[Opening AVAILABLE DATA section]

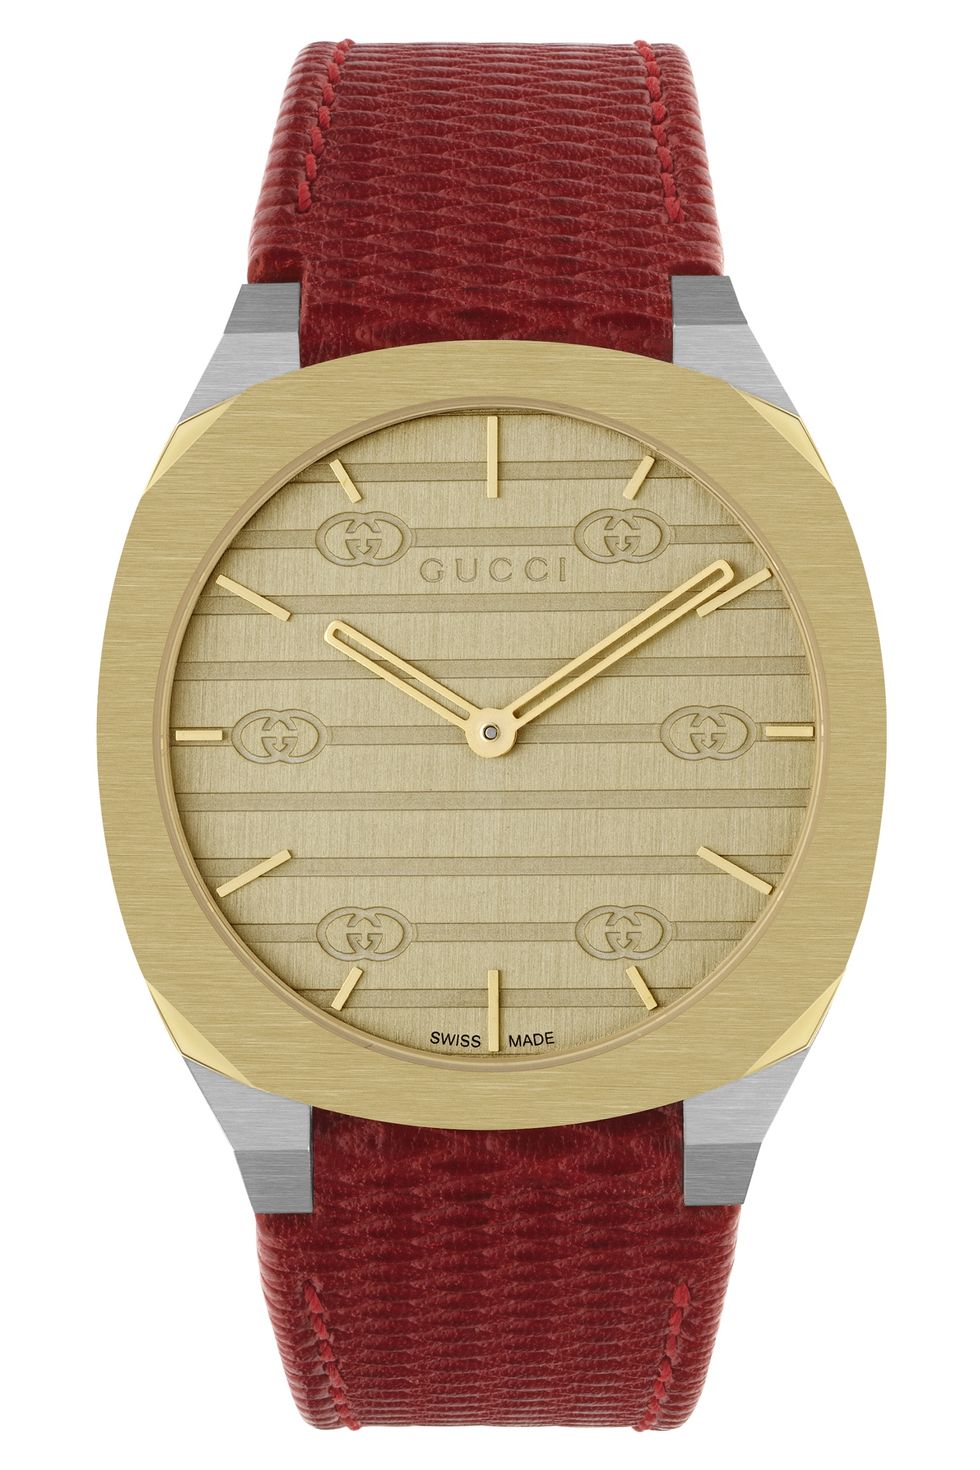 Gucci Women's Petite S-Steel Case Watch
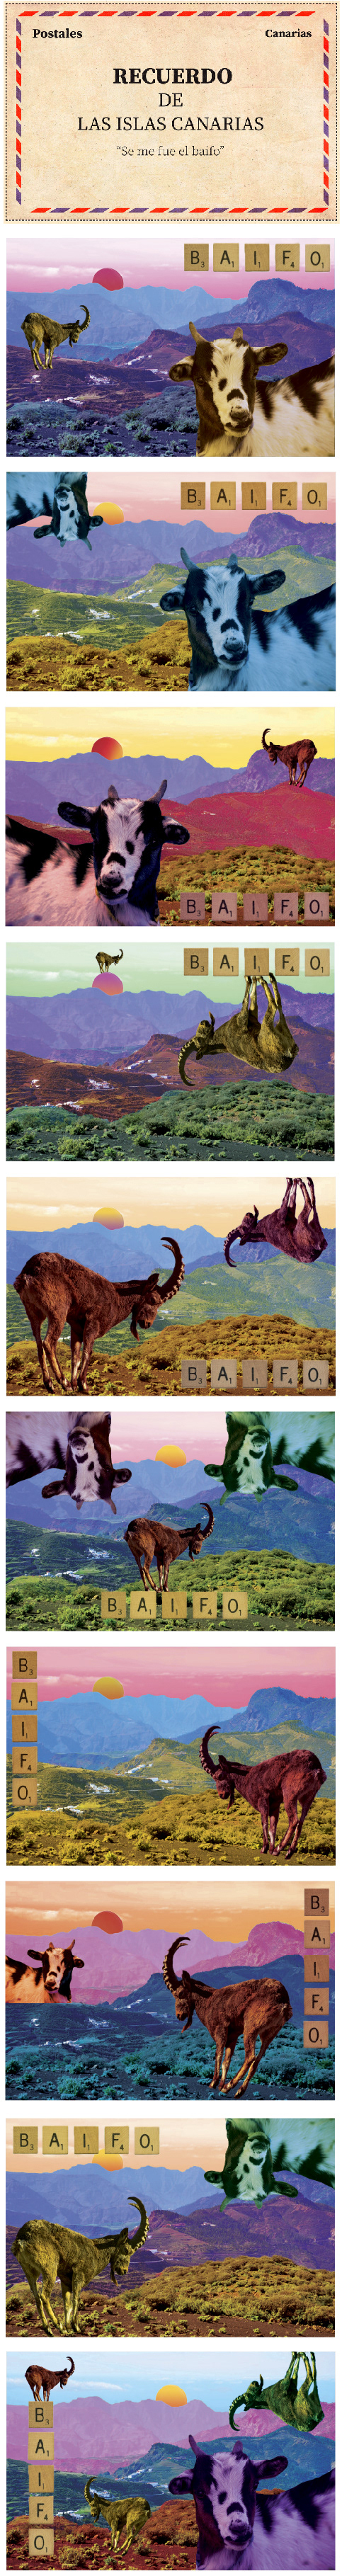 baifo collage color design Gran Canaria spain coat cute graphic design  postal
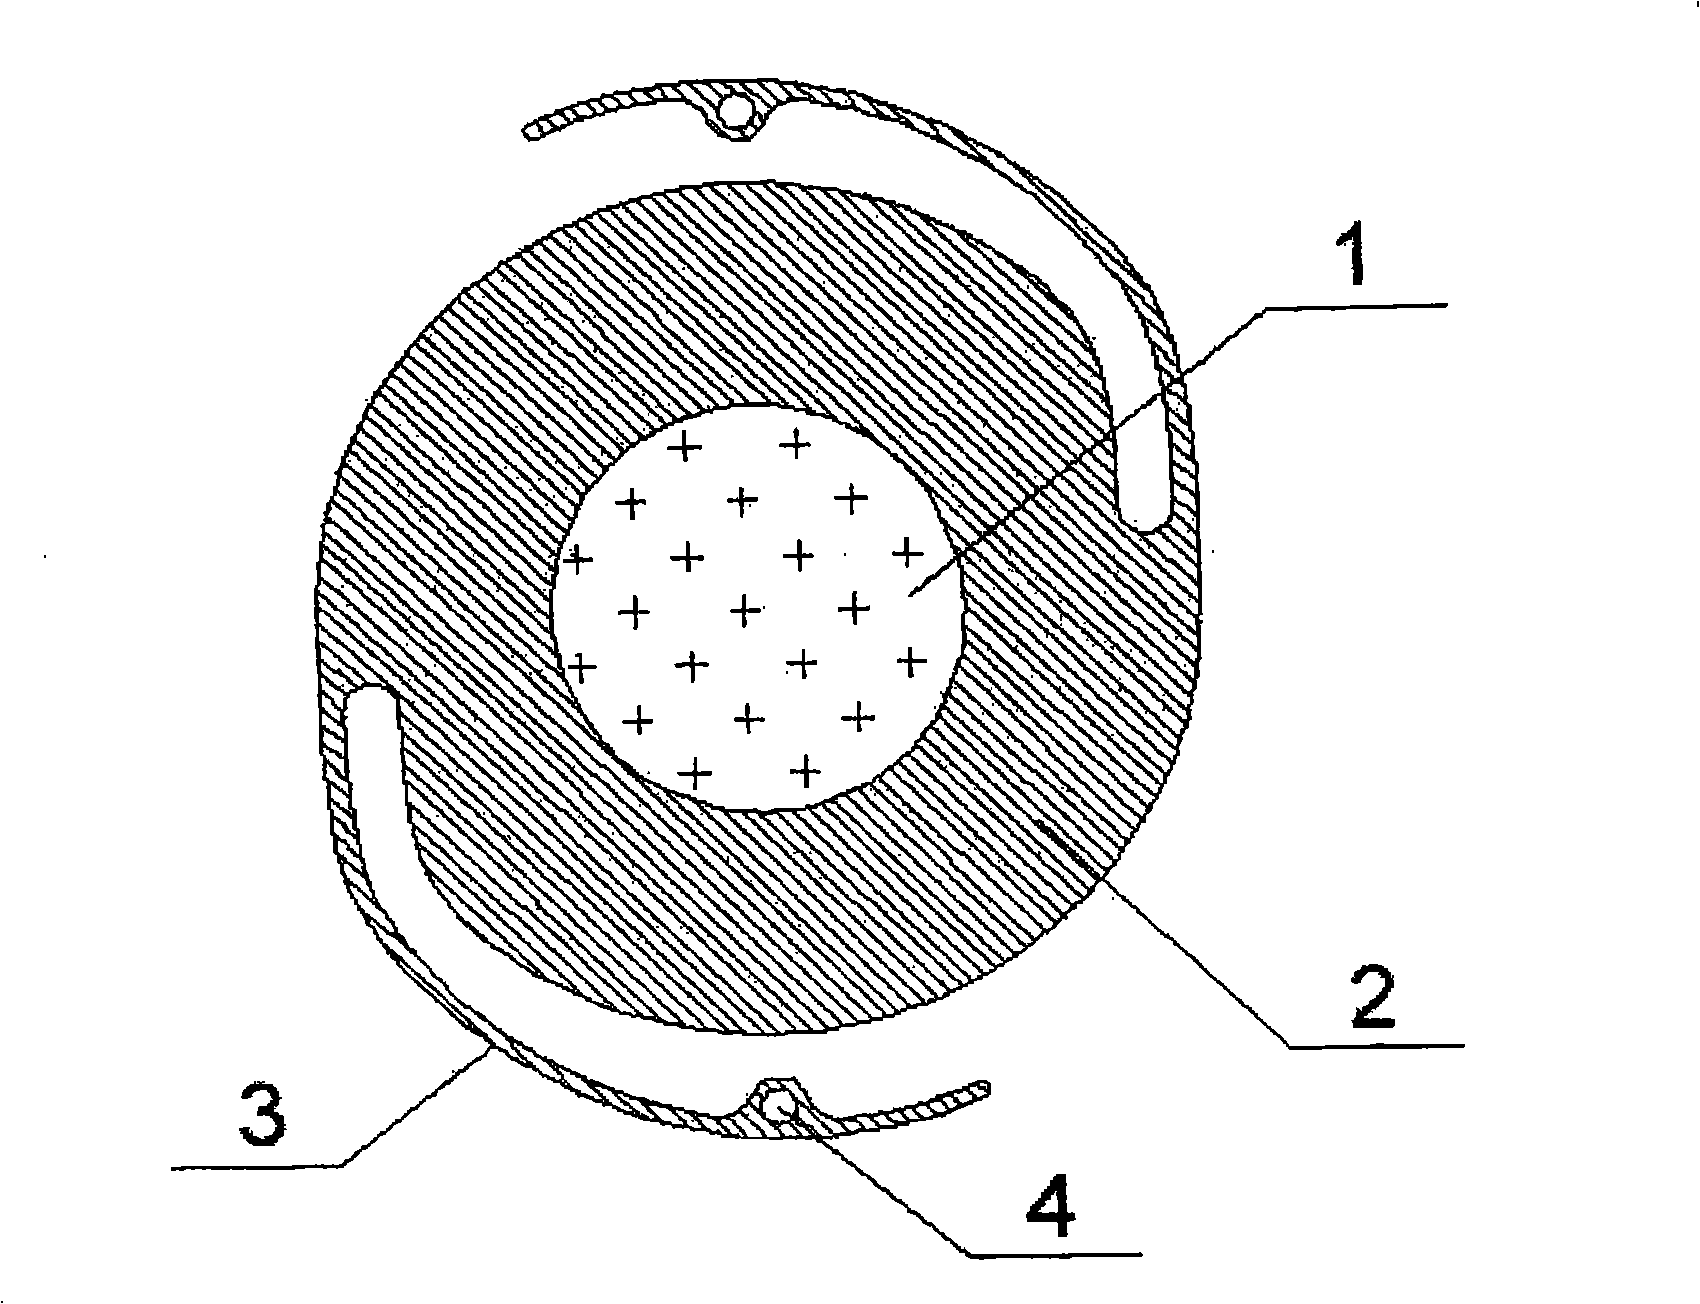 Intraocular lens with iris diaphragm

[Closing AVAILABLE DATA section]

#### [YOUR ASSIGNMENT]
In the listing, find the line containing "baifo collage color" and repeat it and every later line through the last one, word for word, excluding the pictures.

#### [ANSWER SPACE]
 baifo collage color design Gran Canaria spain coat cute graphic design  postal
 Intraocular lens with iris diaphragm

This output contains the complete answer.